Rosalyn Carter was once quoted as saying, “There are only four kinds of people in the world. Those who have been caregivers. Those who are currently caregivers. Those who will be caregivers, and those who will need a caregiver.” There are millions of family caregivers providing much needed care either at home or in care facilities for things like assisting with activities of daily living, and social and emotional support.
For those living in care facilities, family caregivers help them cultivate connections with others and engage in activities, facilitating social participation, and providing meaningful and important connections beyond the care community. Family visits contribute to residents’ social and emotional well-being, which is reason enough, but visits rarely are only social in nature. For example, staff rely on family to bring certain supplies, including certain medications and toiletries, and favourite snacks, all of which affect care staff to provide person-centered care. Family members typically advocate to ensure that residents’ care needs and preferences are addressed. Part of visiting involves “checking-in” and advocating by sharing information that helps care staff know residents and, ultimately, deliver more personalized care. Family caregivers also are essential for monitoring residents’ health and in identifying significant health status changes.
The COVID-19 pandemic, which is especially dangerous to older people, has disrupted the lives of older people and their family caregivers. It has become evident over the last 18 months, that older adults living in care facilities, are at a very high risk for mortality from COVID-19, particularly with asymptomatic workers and visitors unknowingly spreading the virus in the facilities. COVID-19 has exacerbated the already staffing shortages in care facilities and has heightened family caregivers’ stress and worry about the care their loved one has received, creating a sense of helplessness because they are unable to see how they are cared for. The Covid-19 restrictions have changed the way family caregivers provide support and stay connected to their older relatives in long-term care; what used to be done in-person is now done from a distance.

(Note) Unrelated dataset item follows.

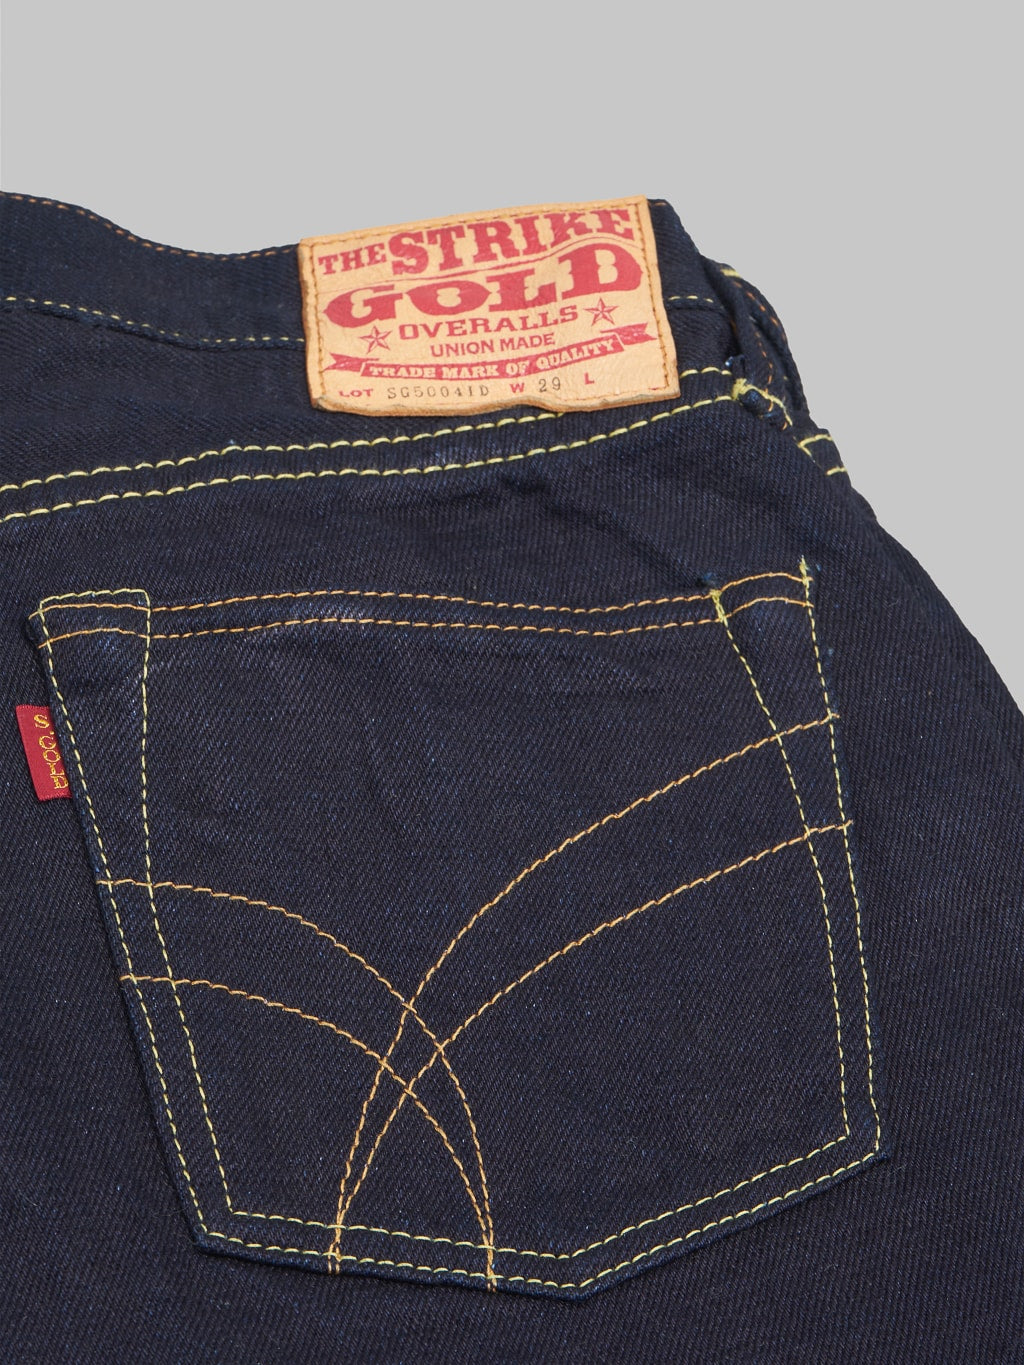 The Strike Gold 5004ID double indigo selvedge jeans pocket arcs

Trying to stay connected with their older relative in care has been supported from a distance. Not only do traditional telephone calls and letters help fill the gap, but also the use of newer technology. Family caregivers are staying connected through video calls via Facetime and Zoom. With the help of the care staff they are connected with residents using electronic devices. Such technology gives families the opportunity to see and talk with each other. Window visits is another way families have stayed connected. During such visits family see each other and may talk to each other over the phone which provides some comfort for families. Family caregivers have also taken on the responsibilities of arranging for delivery of essential items, such as food or medication. Family caregivers caring also are delivering essential items and care packages.
One key activity that family caregivers typically do for older relatives in long term care facilities is to monitor the quality of care they are receiving. Caregivers are having to find new ways to monitor when they are not able to visit, such as through increased communication with care staff or monitoring while connecting with their loved one through video or phone chats pandemic.
With the required social distancing, family caregivers can have a heightened sense of helplessness because they are not able to protect their family members or provide the type or amount of care that they want to provide. For their part, many family caregivers are experiencing anxiety, fear, guilt, and even depression as a result of being unable to participate in resident care in pre-pandemic ways. These negative experiences are escalated further in settings directly affected by COVID-19 cases and in residents’ end-of-life care and death. Family members’ health and well-being also are at risk by their exclusion, further exacerbating the public health consequences of the pandemic.
Public Health Officials, to help curb the spread of the disease and prevent further loss of life implemented many restrictions, including the restriction of visitors and non-essential personnel to long-term care. While such measures certainly helped to stop the spread of COVID, they also created a great deal of stress, worries, and challenges for family caregivers. COVID-19 will continue to transform the delivery of long-term services and supports, including caregiver support, as well as the ways families interact with loved ones into the future. For older adults and their caregivers, social distancing and fear may also continue when many have returned to work and the social distancing restrictions are lifted, attuned and sensitive to the needs of family caregivers who may be experiencing added burden, stress, and depression, and the differences in needs based on a variety family circumstances.